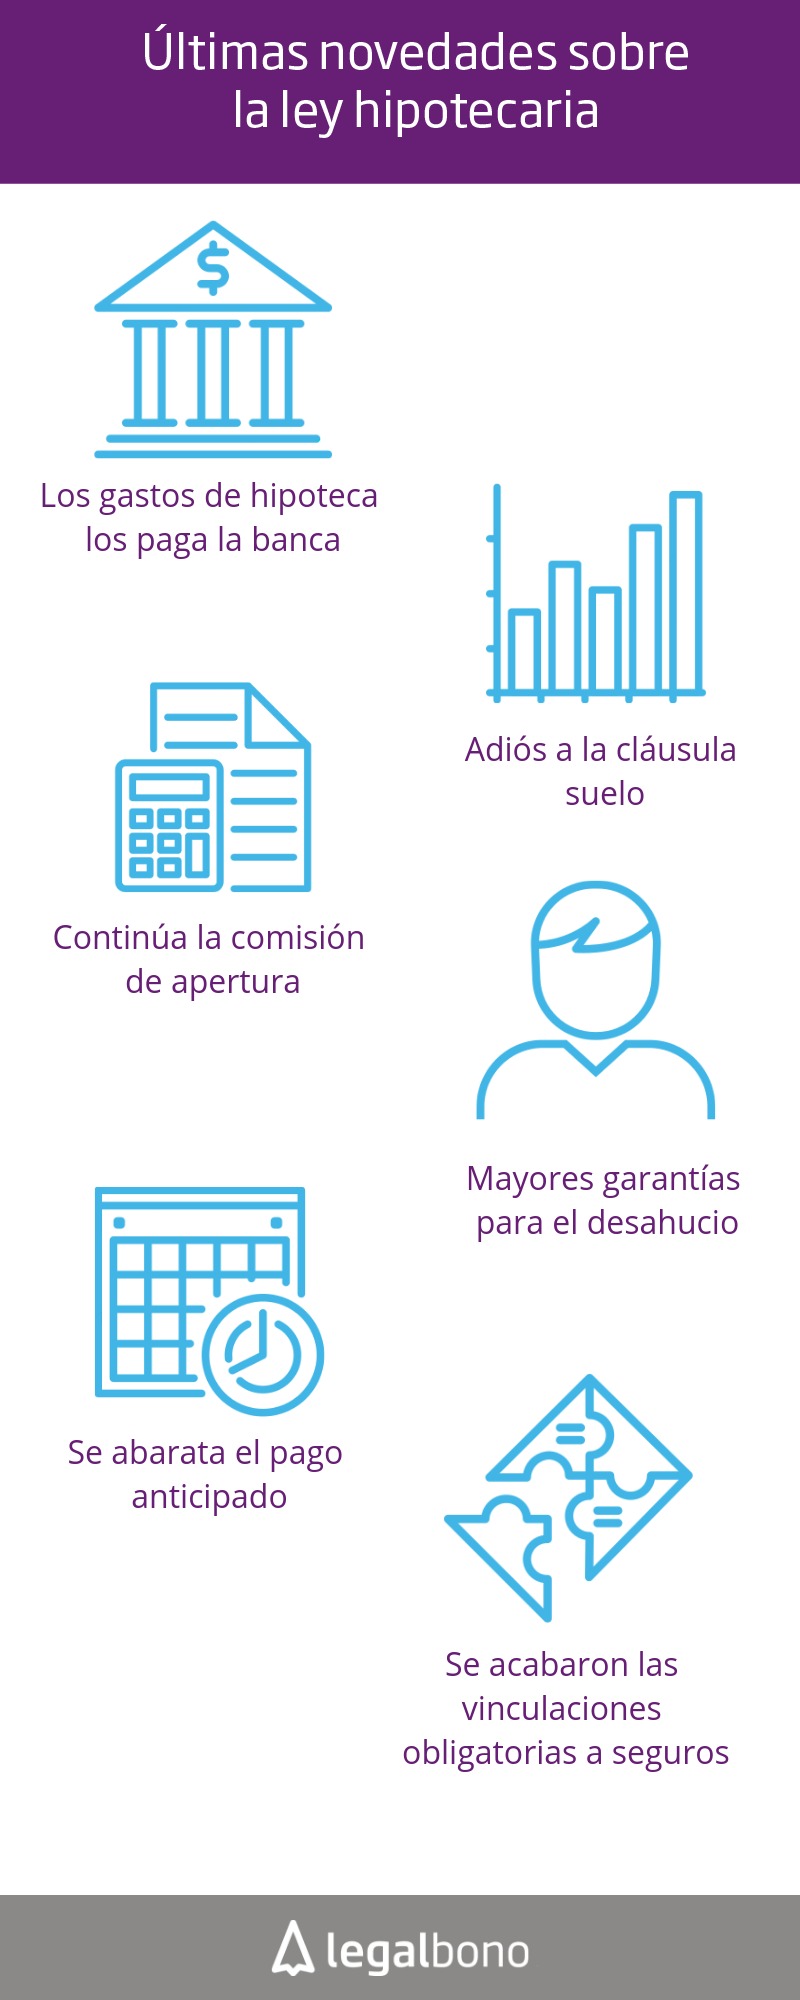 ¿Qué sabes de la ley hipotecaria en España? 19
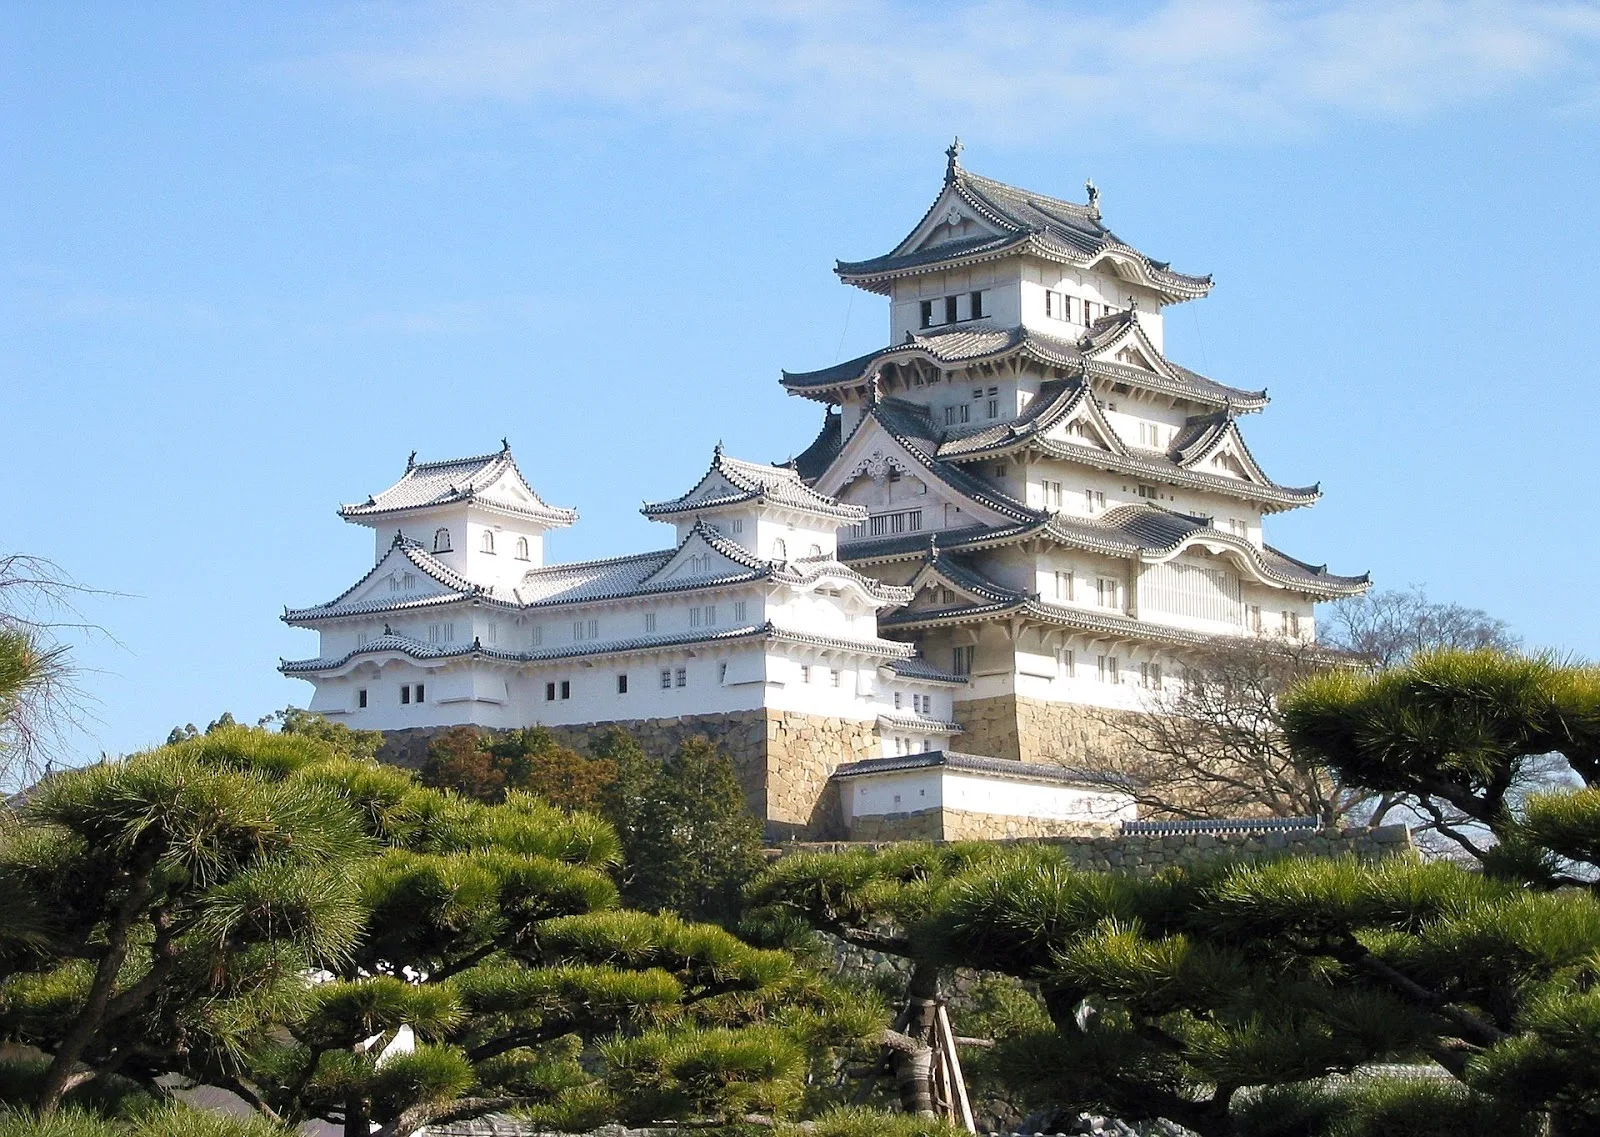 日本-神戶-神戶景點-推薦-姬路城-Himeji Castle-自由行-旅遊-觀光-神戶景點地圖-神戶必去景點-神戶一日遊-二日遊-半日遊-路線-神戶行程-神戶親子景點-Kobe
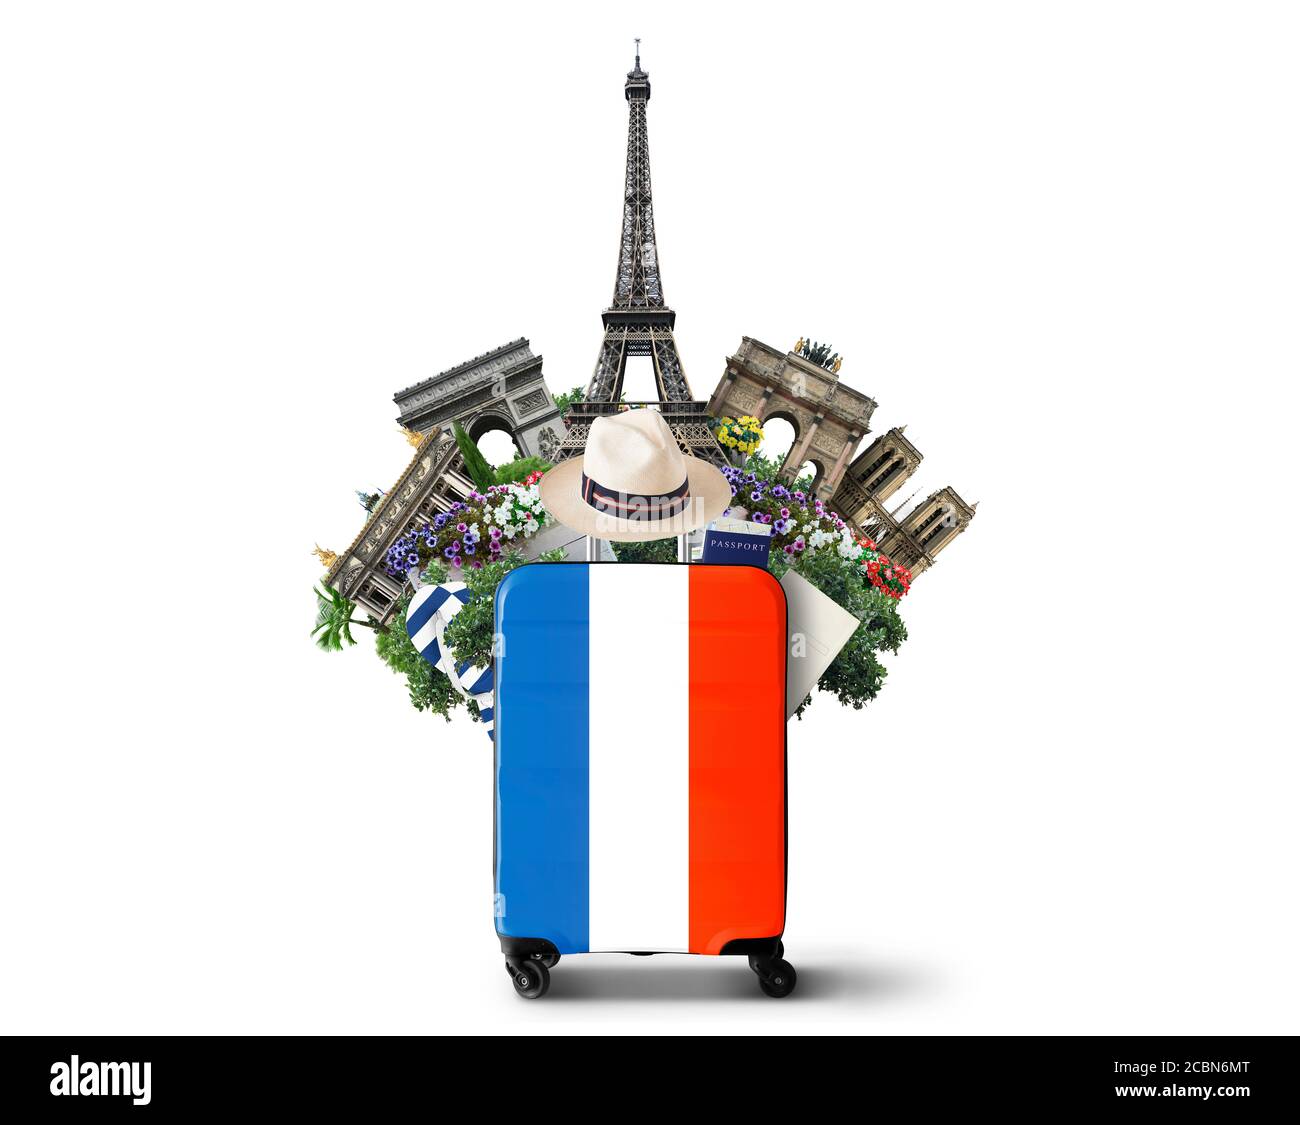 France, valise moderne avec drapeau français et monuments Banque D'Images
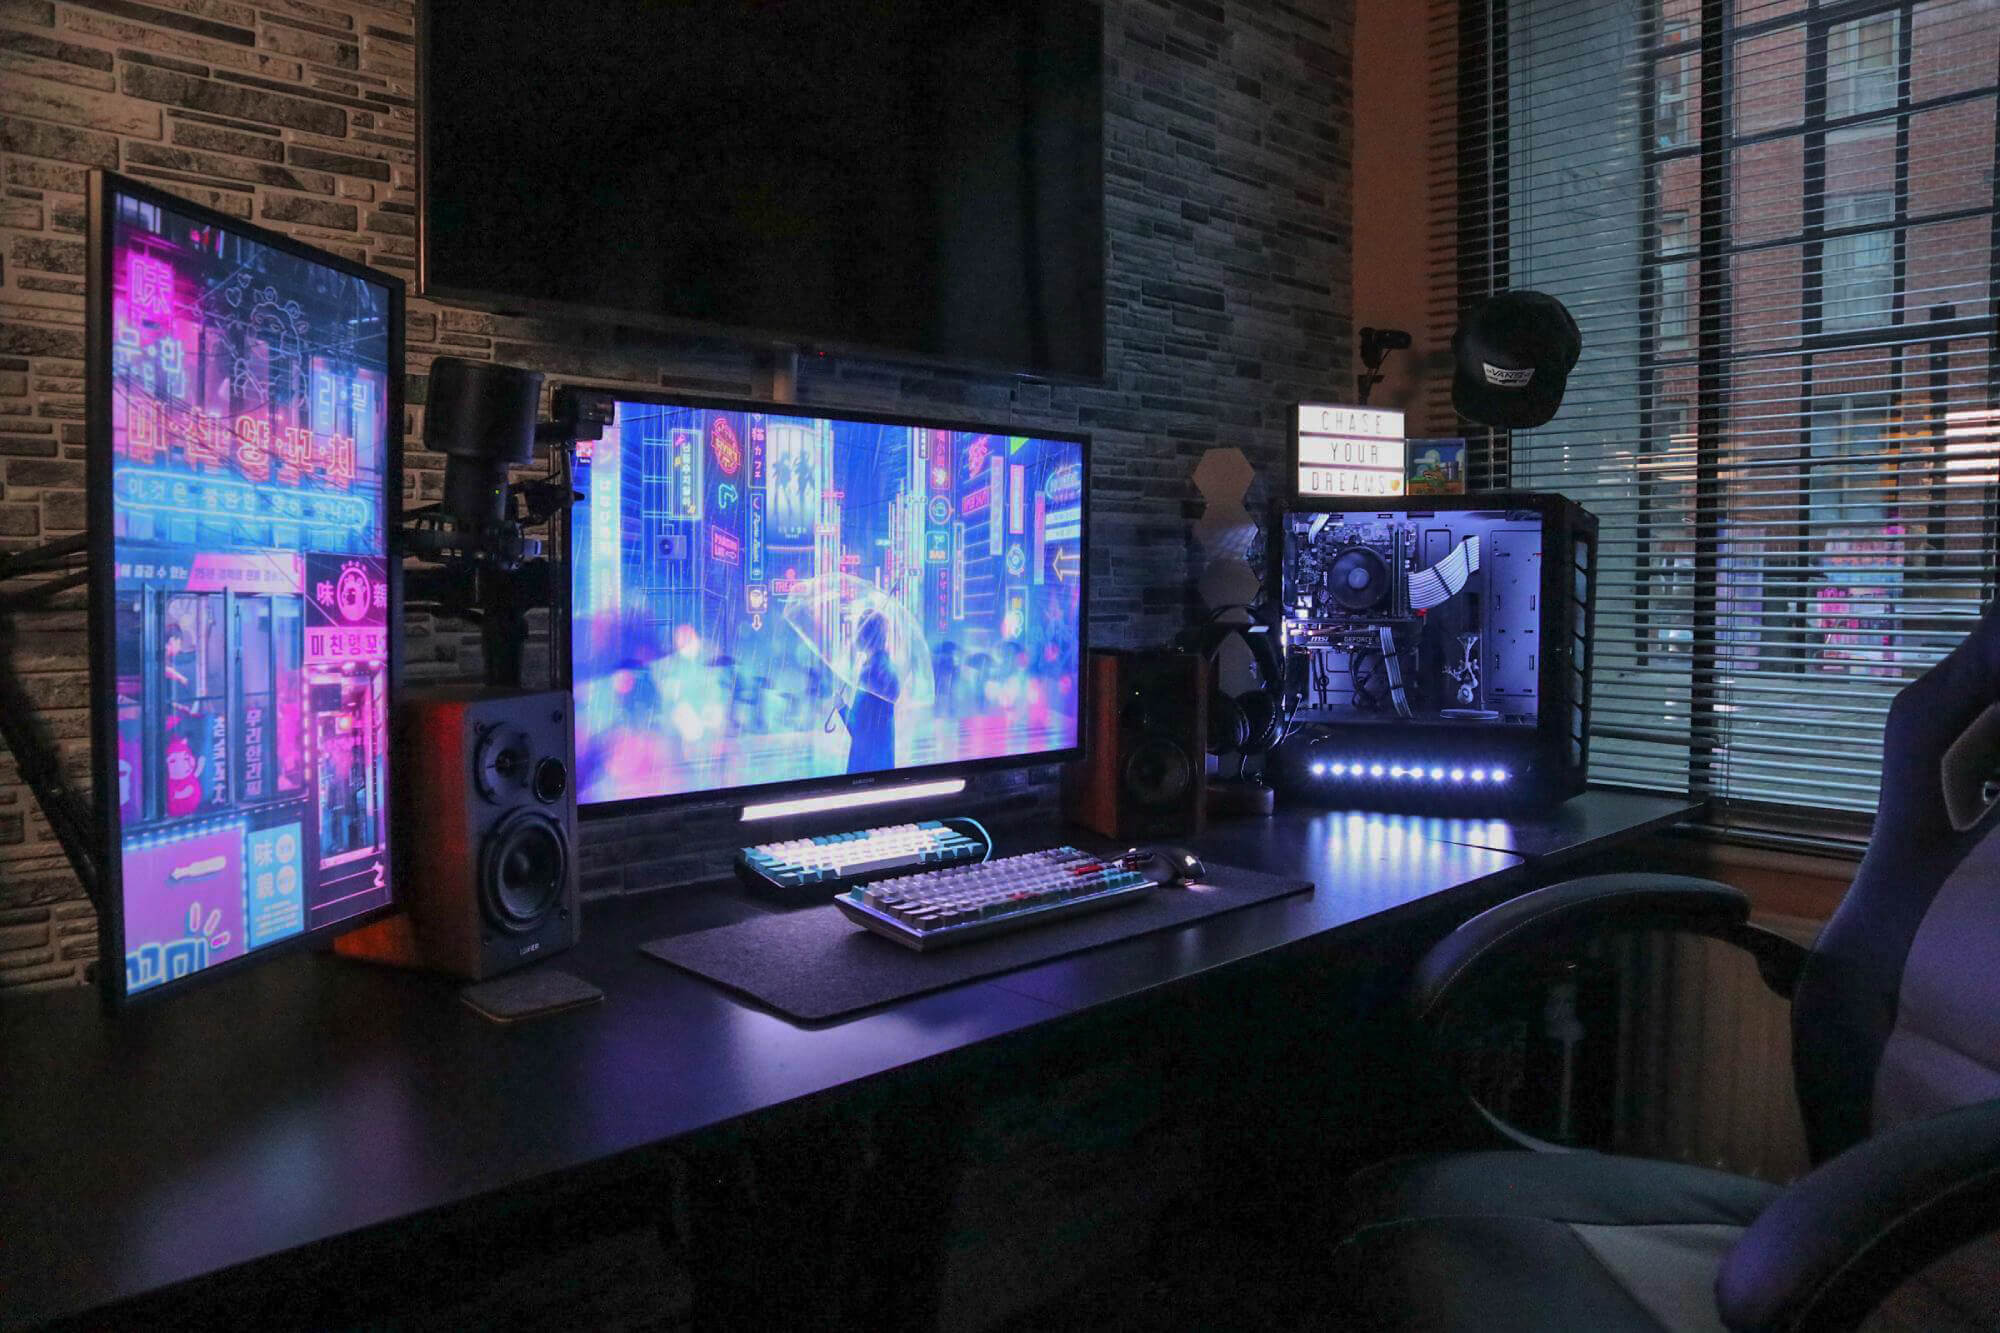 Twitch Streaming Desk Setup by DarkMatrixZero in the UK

-*-

Exercise directions ▸
Print the material in full and exactly, minus the pictures.

Answer box ▸
 ¿Qué sabes de la ley hipotecaria en España? 19
 日本-神戶-神戶景點-推薦-姬路城-Himeji Castle-自由行-旅遊-觀光-神戶景點地圖-神戶必去景點-神戶一日遊-二日遊-半日遊-路線-神戶行程-神戶親子景點-Kobe
 France, valise moderne avec drapeau français et monuments Banque D'Images
 Twitch Streaming Desk Setup by DarkMatrixZero in the UK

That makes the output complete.